Il senso di tutto il weekend del Gp d’Austria è nell’imbarazzante crisi di potenza della Power Unit Ferrari - sia in versione ufficiale che in quella fornita ai clienti -, diventata improvvisamente la meno performante del mazzo, contando anche le prestazioni deludenti di Alfa Romeo e Haas.

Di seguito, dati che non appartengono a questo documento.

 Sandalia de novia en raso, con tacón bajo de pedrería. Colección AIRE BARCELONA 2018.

E deludente non tanto e non solo nei confronti delle unità avversarie, ma addirittura in calo, meno performante e decisamente ammosciata, rispetto alle risultanze dell’anno prima.

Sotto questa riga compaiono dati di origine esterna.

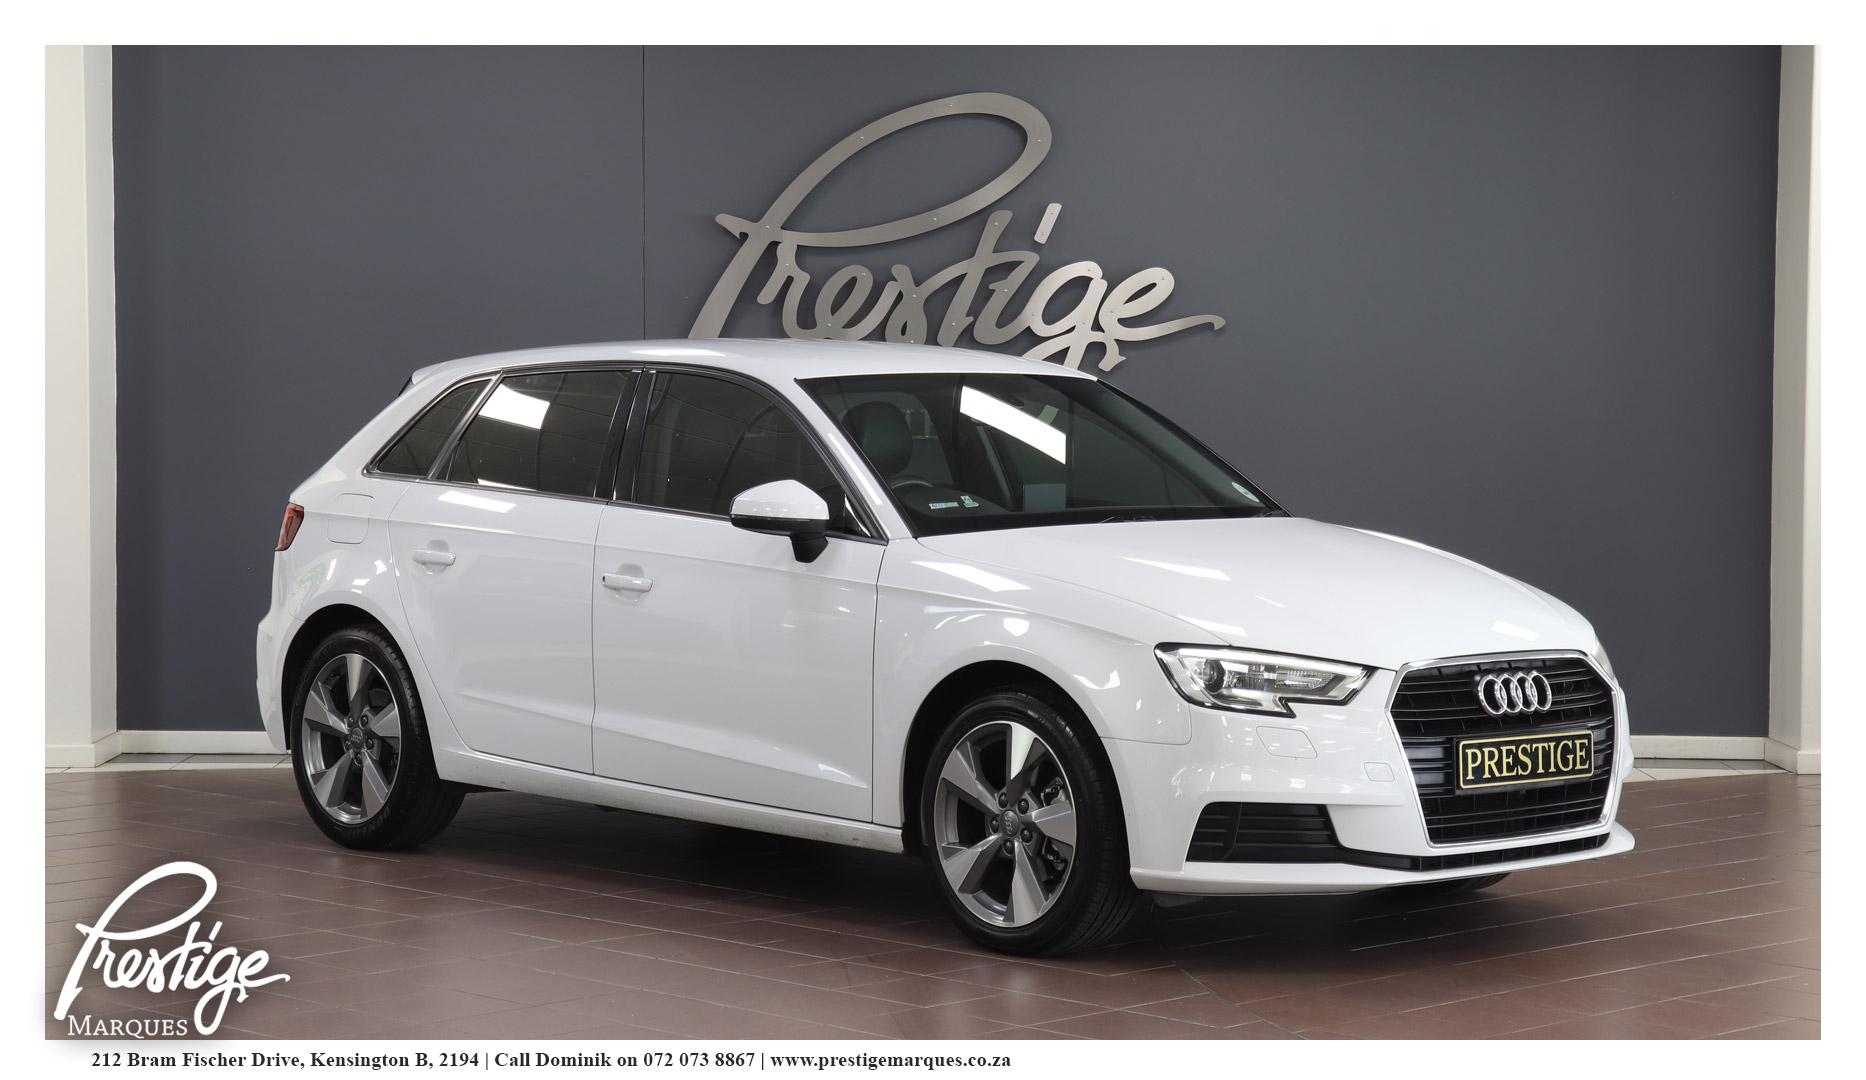 2017-Audi-A3-Sportback-1-4-TFSi-Stronic-Prestige-Marques-Randburg-Sandton-1

Come se la Ferrari 2020 a livello di motorizzazione complessiva fosse diventata improvvisamente la versione flangiata, sfiancata e punita se confrontata con quella vista proprio in Austria la scorsa estate, quando era decollata l’escalation di prestazioni culminata poi coi trionfi antologici di Leclerc sui veloci circuiti di Spa e Monza nonché sul riscatto di Vettel a Singapore.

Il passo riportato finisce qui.